ENTRIES PROVIDED
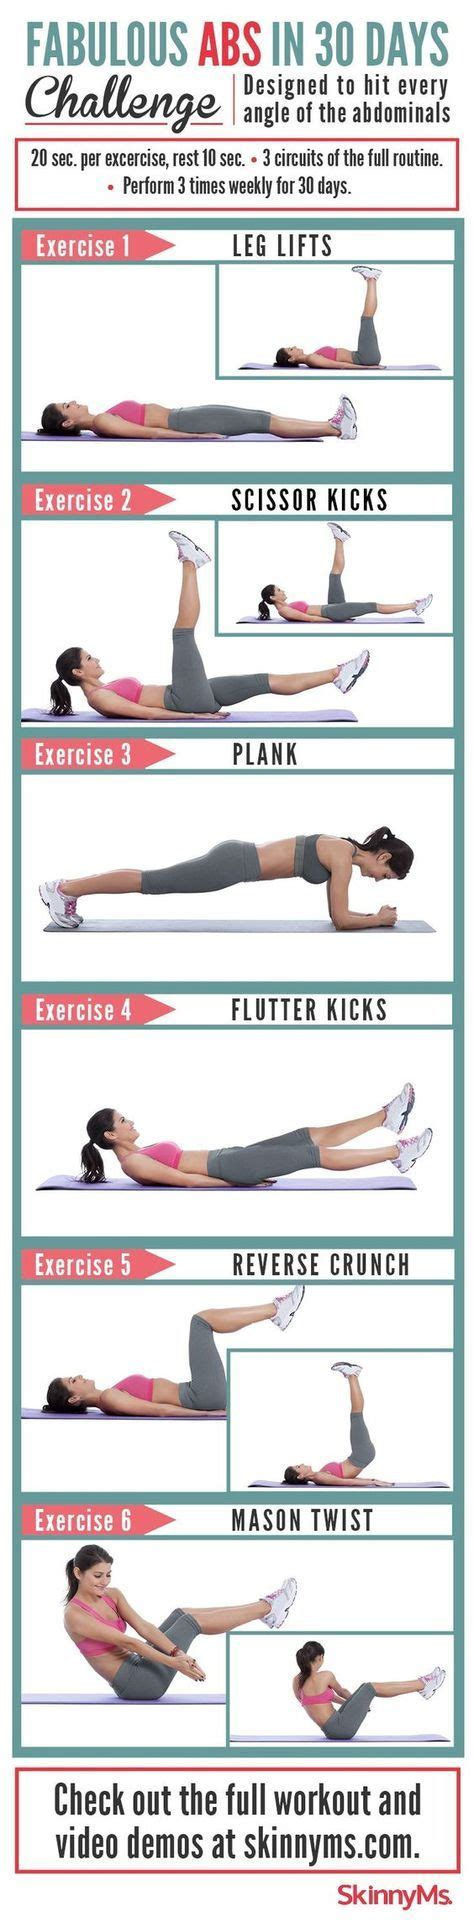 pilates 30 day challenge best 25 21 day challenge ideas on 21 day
==
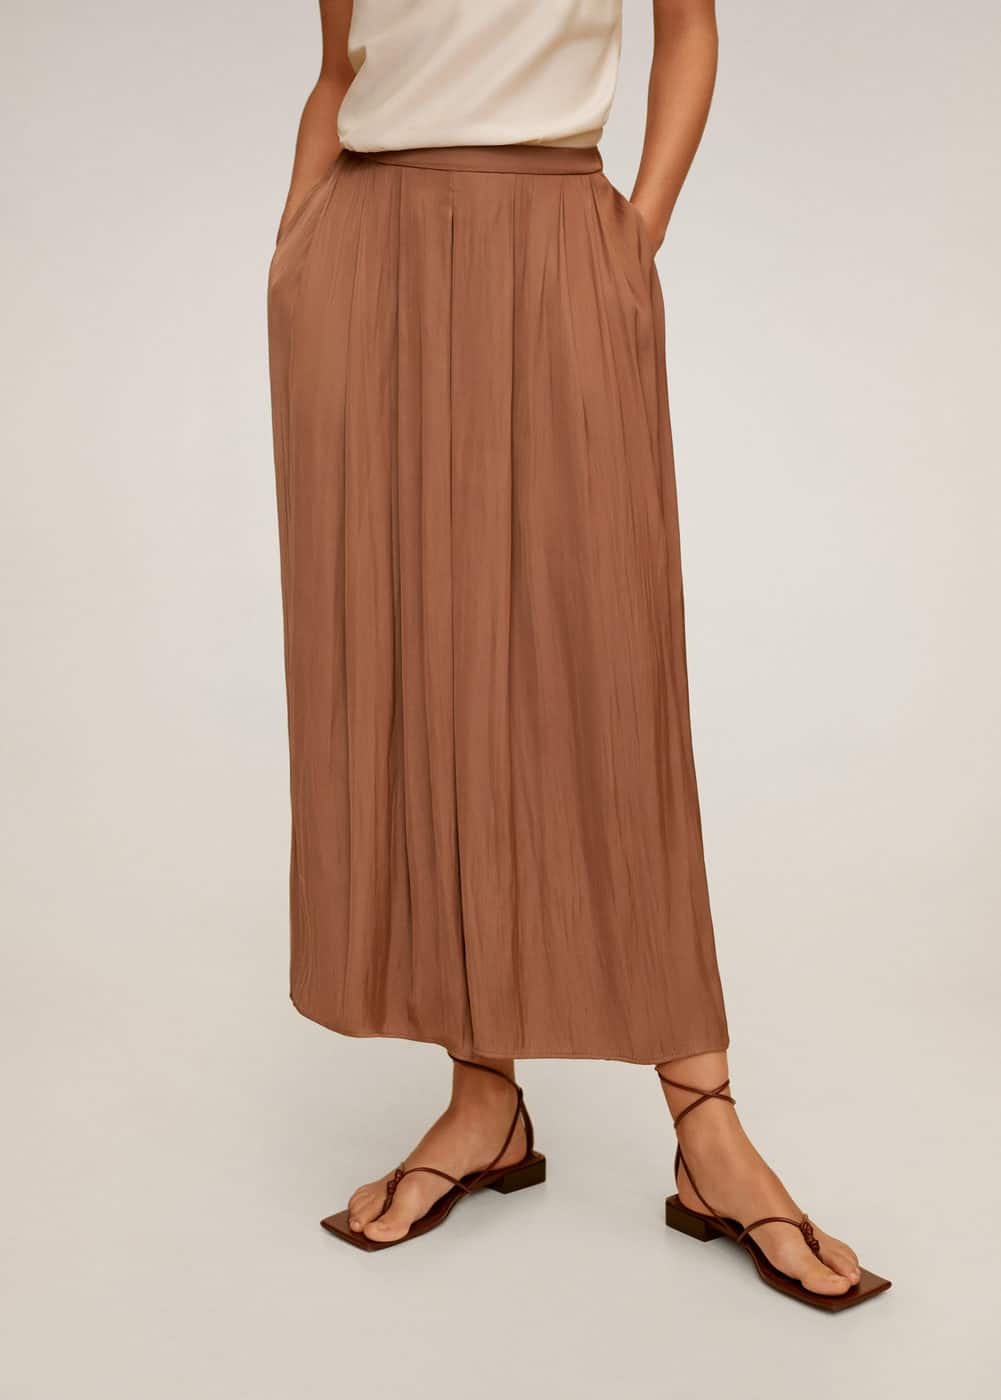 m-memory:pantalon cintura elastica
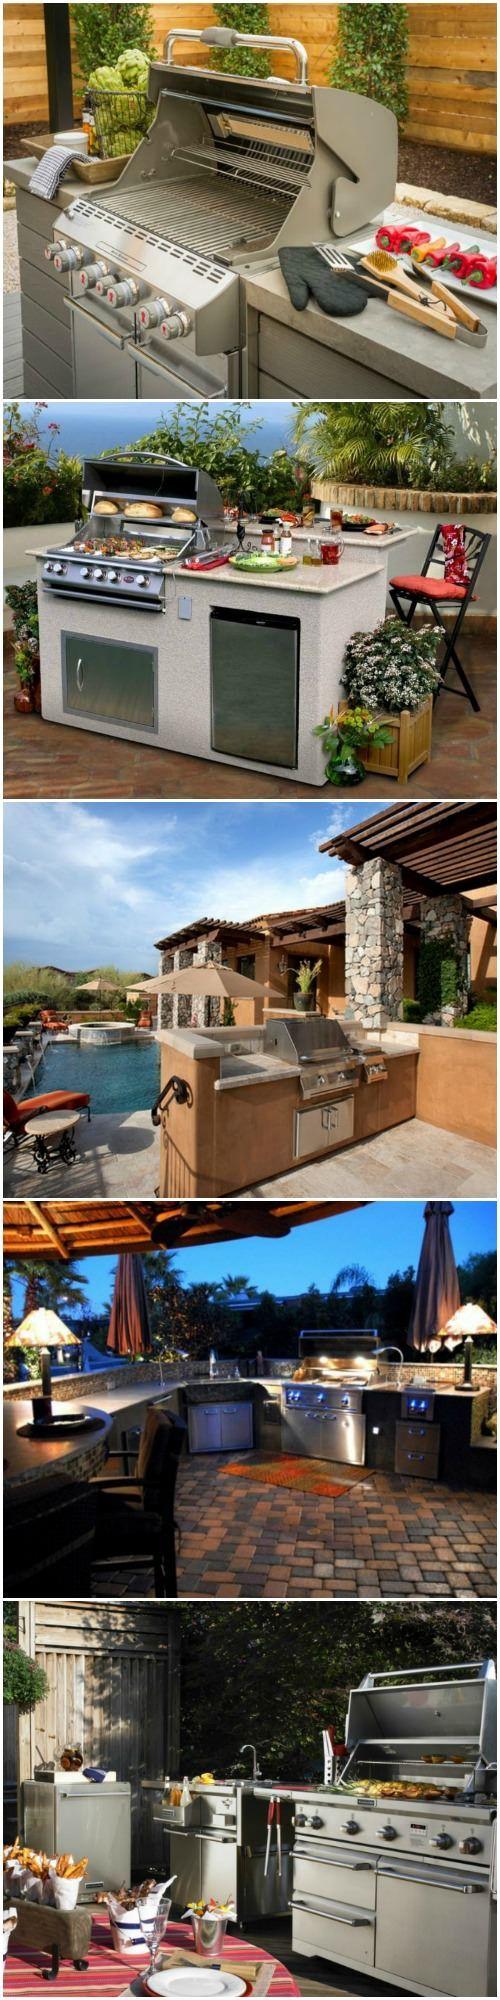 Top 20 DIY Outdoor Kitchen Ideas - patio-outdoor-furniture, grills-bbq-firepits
--
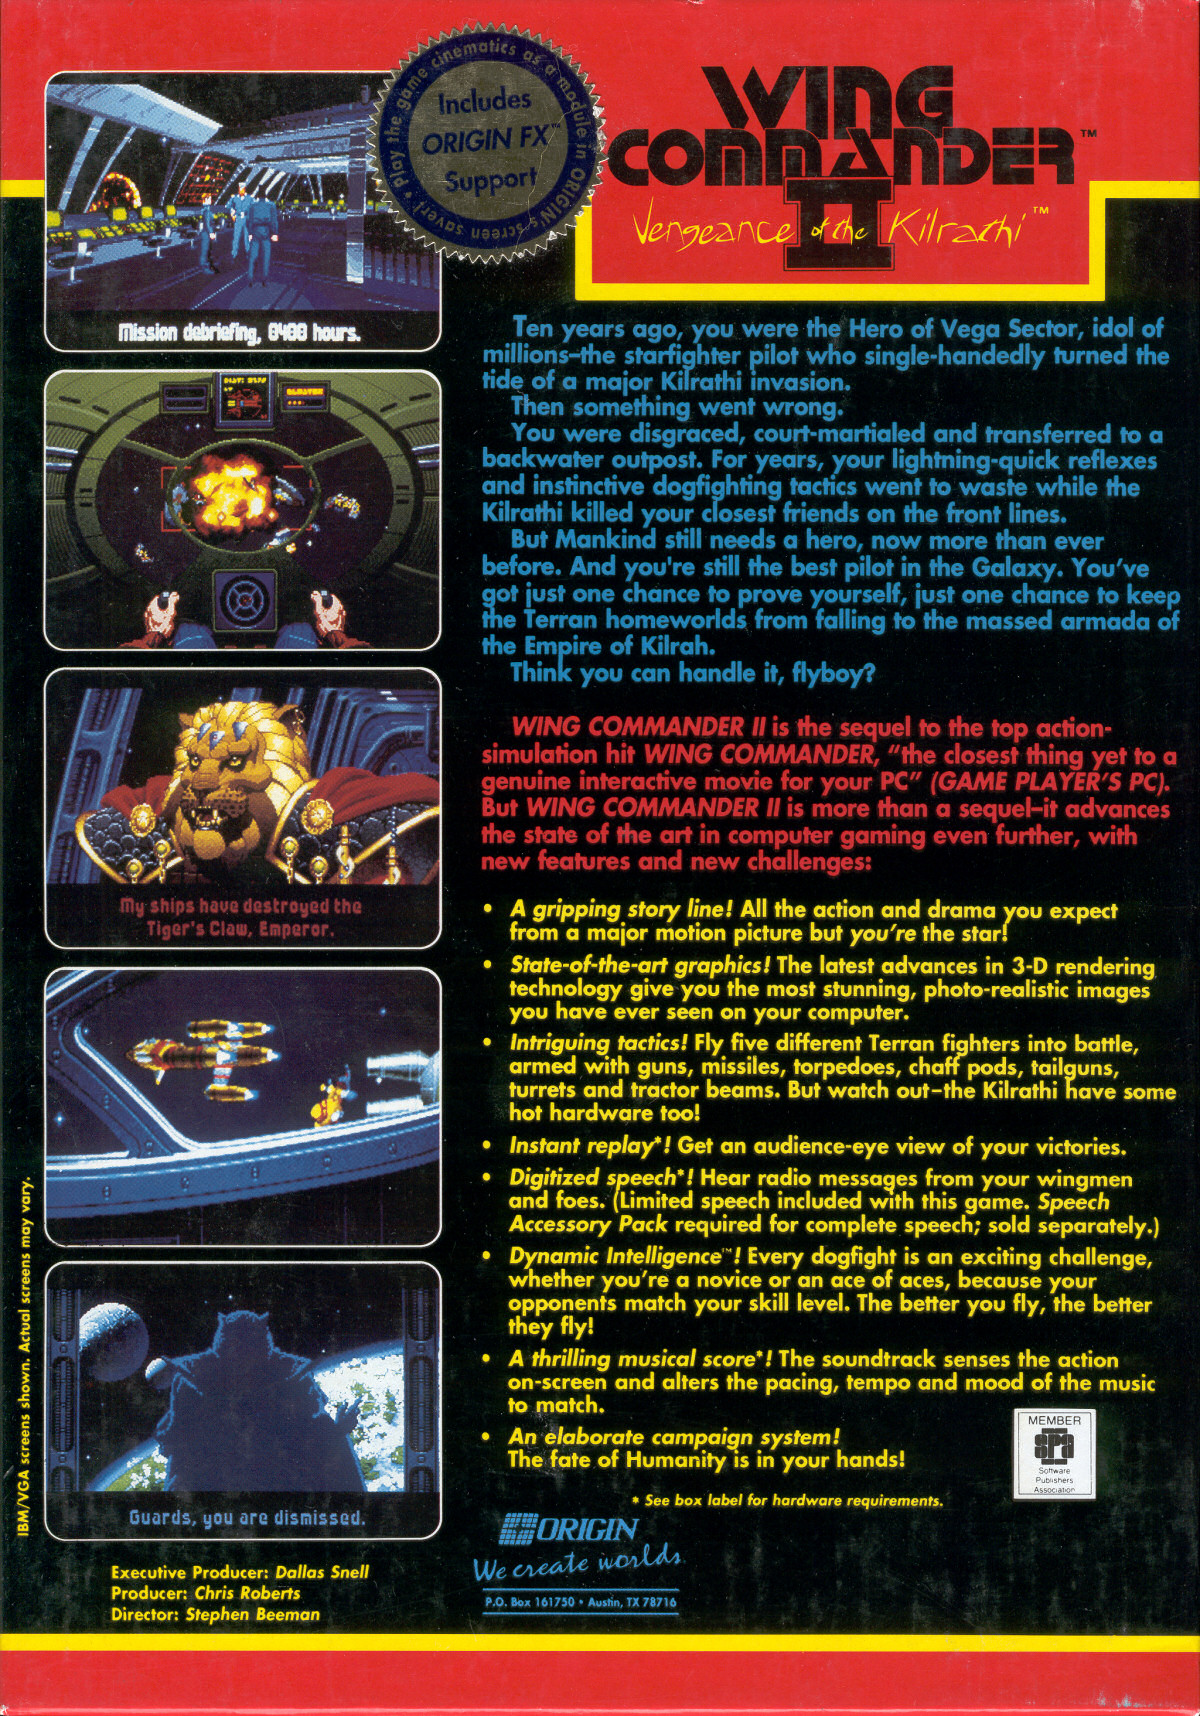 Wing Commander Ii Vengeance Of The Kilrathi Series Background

PROBLEM STATEMENT
What you return must match the lines above from the one with "m-memory:pantalon cintura elastica" through the one with "Top 20 DIY Outdoor" exactly, with both ends included and the pictures excluded.

RESPONSE TO THIS TASK
 m-memory:pantalon cintura elastica
 Top 20 DIY Outdoor Kitchen Ideas - patio-outdoor-furniture, grills-bbq-firepits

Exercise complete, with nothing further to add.